> _Data shown_
········

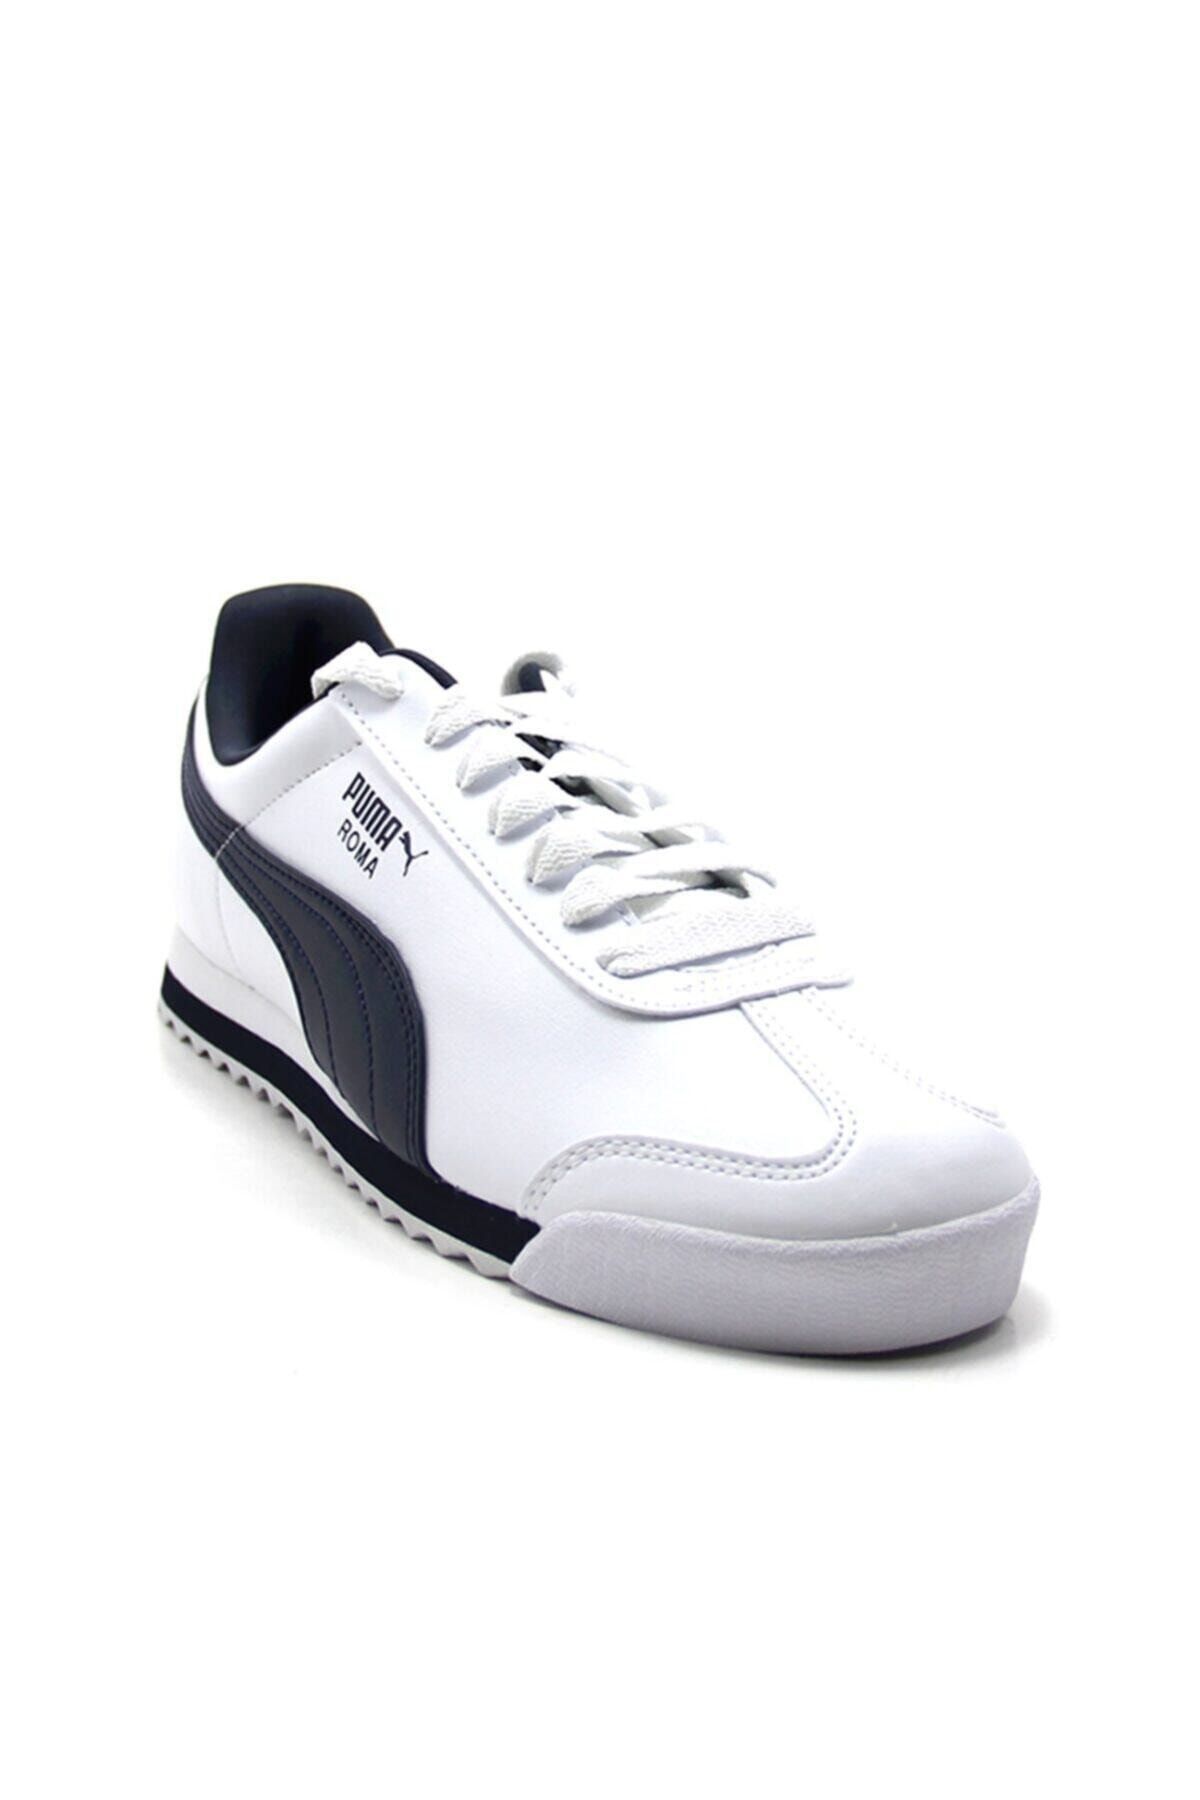 Puma 353572 12 Roma Basic Erkek Beyaz Lacivert Spor Ayakkabı Fiyatı Trendyol
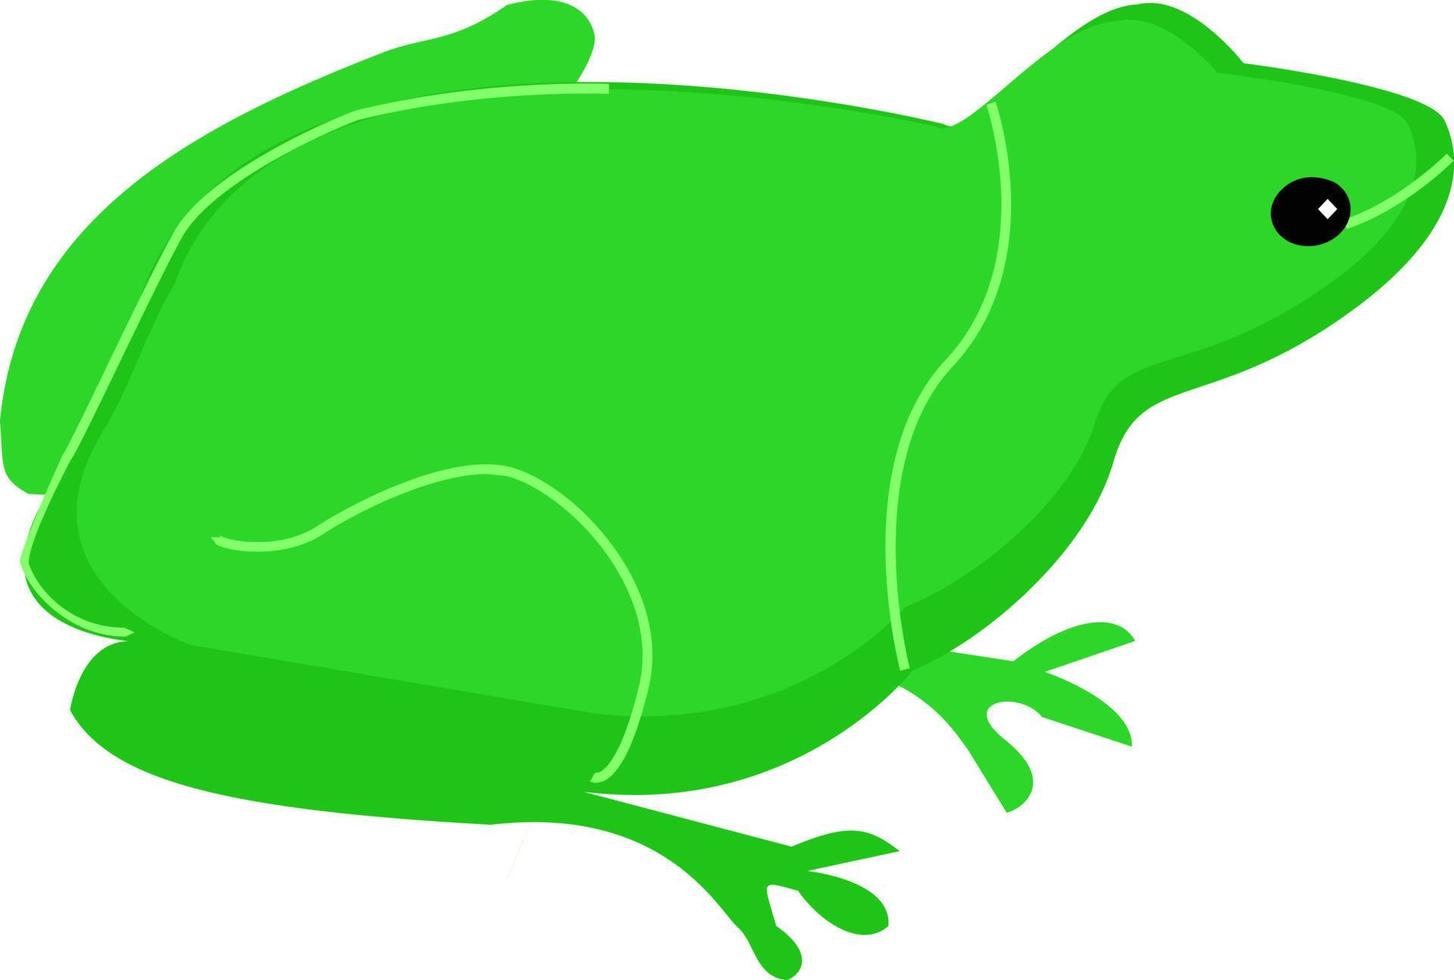 rana verde, ilustración, vector sobre fondo blanco.
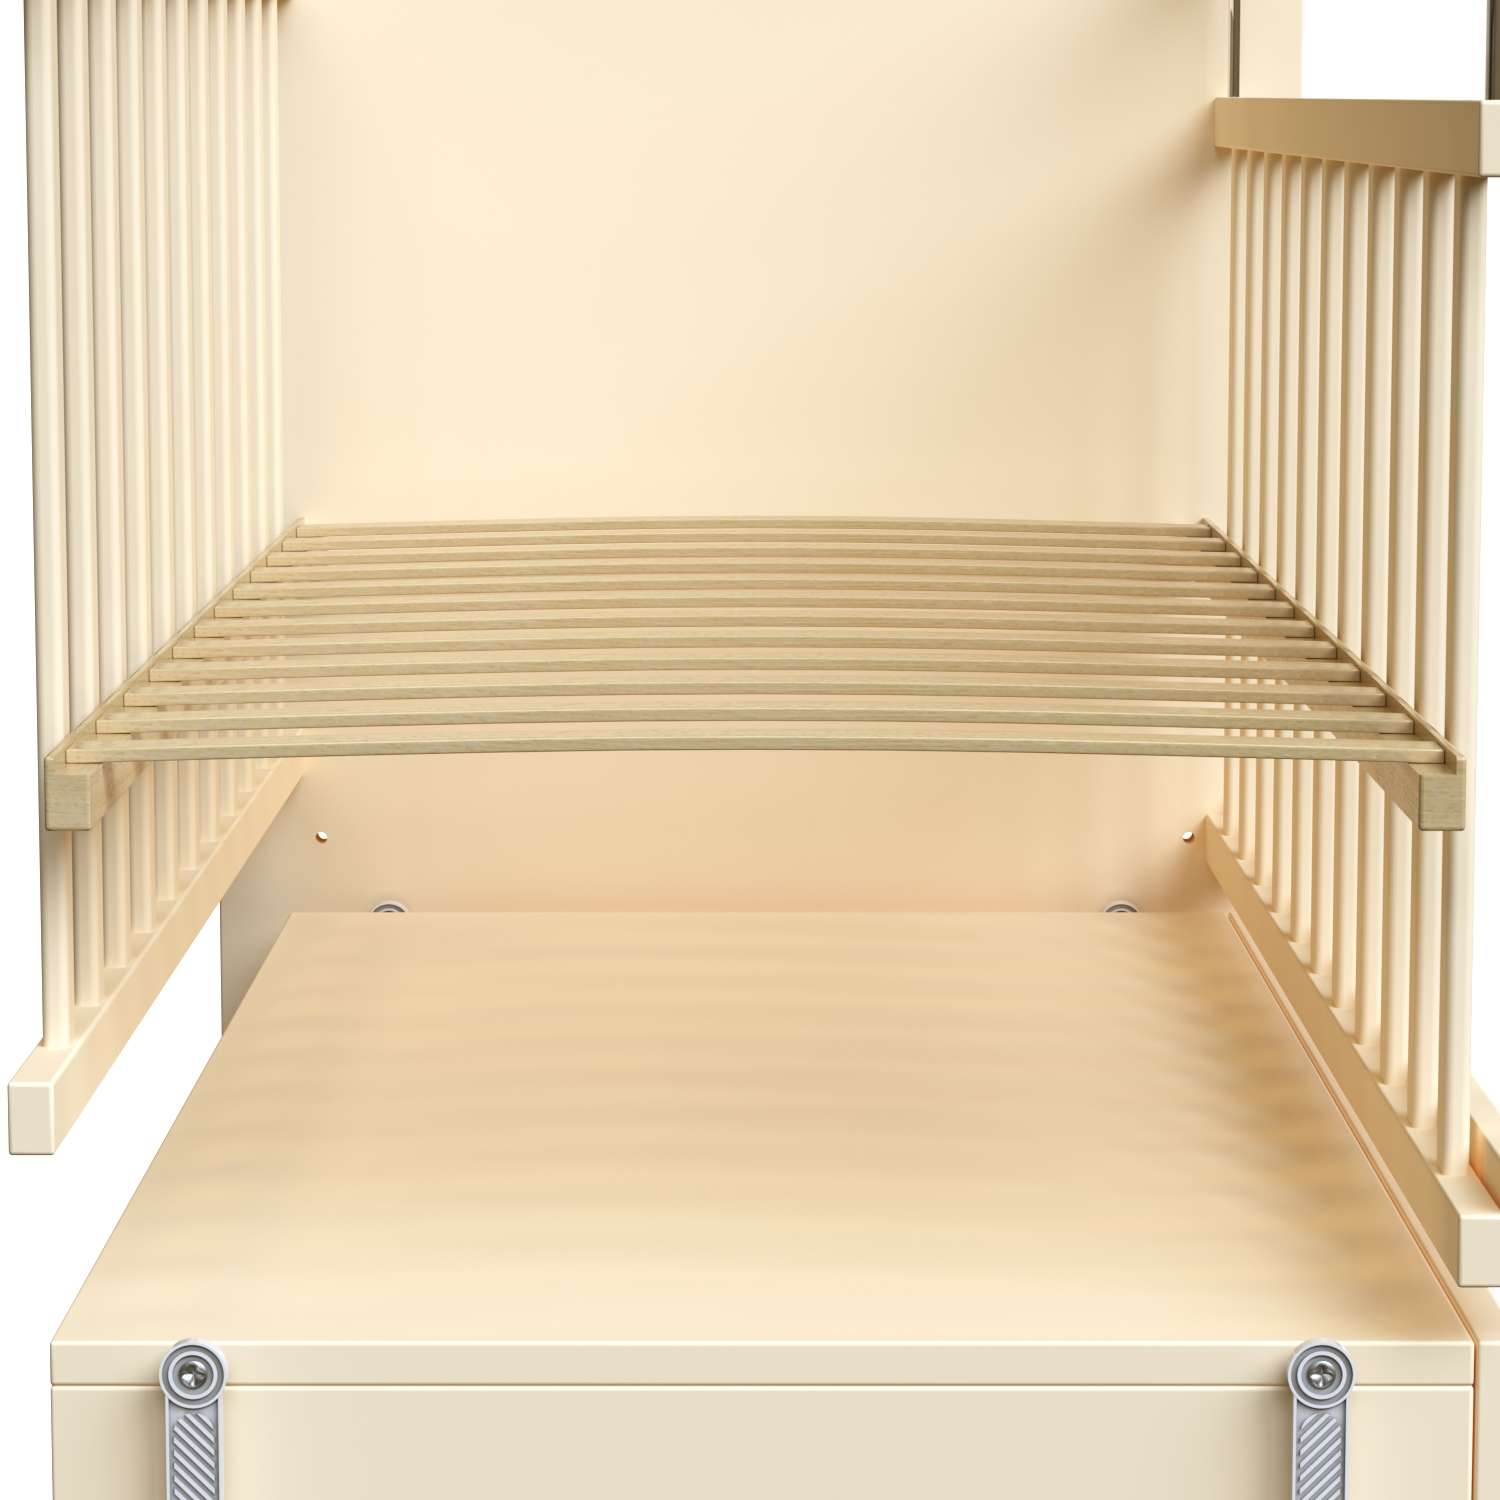 Детская кроватка ВДК Садко прямоугольная, продольный маятник (слоновая кость) - фото 5
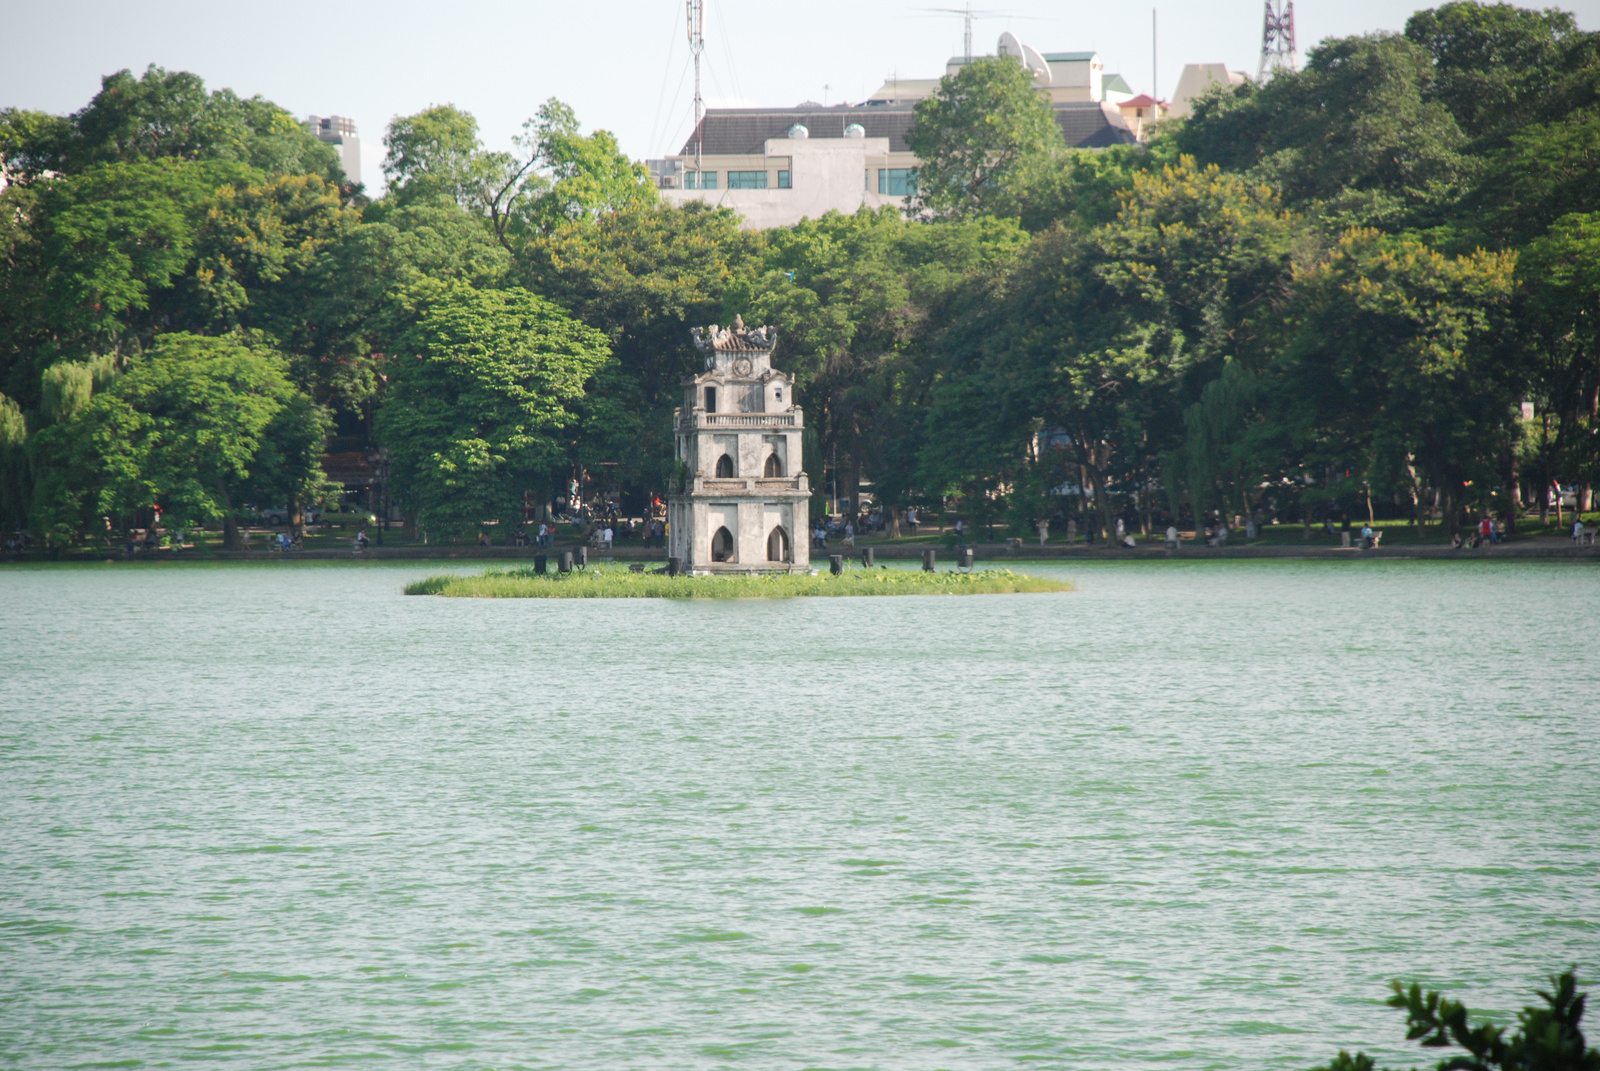 Pagoda on lake

········

> _Problem details_
Set the pictures aside and transcribe the data above exactly.

> _Solution to the exercise_
 Puma 353572 12 Roma Basic Erkek Beyaz Lacivert Spor Ayakkabı Fiyatı Trendyol
 rana verde, ilustración, vector sobre fondo blanco.
 Детская кроватка ВДК Садко прямоугольная, продольный маятник (слоновая кость) - фото 5
 Pagoda on lake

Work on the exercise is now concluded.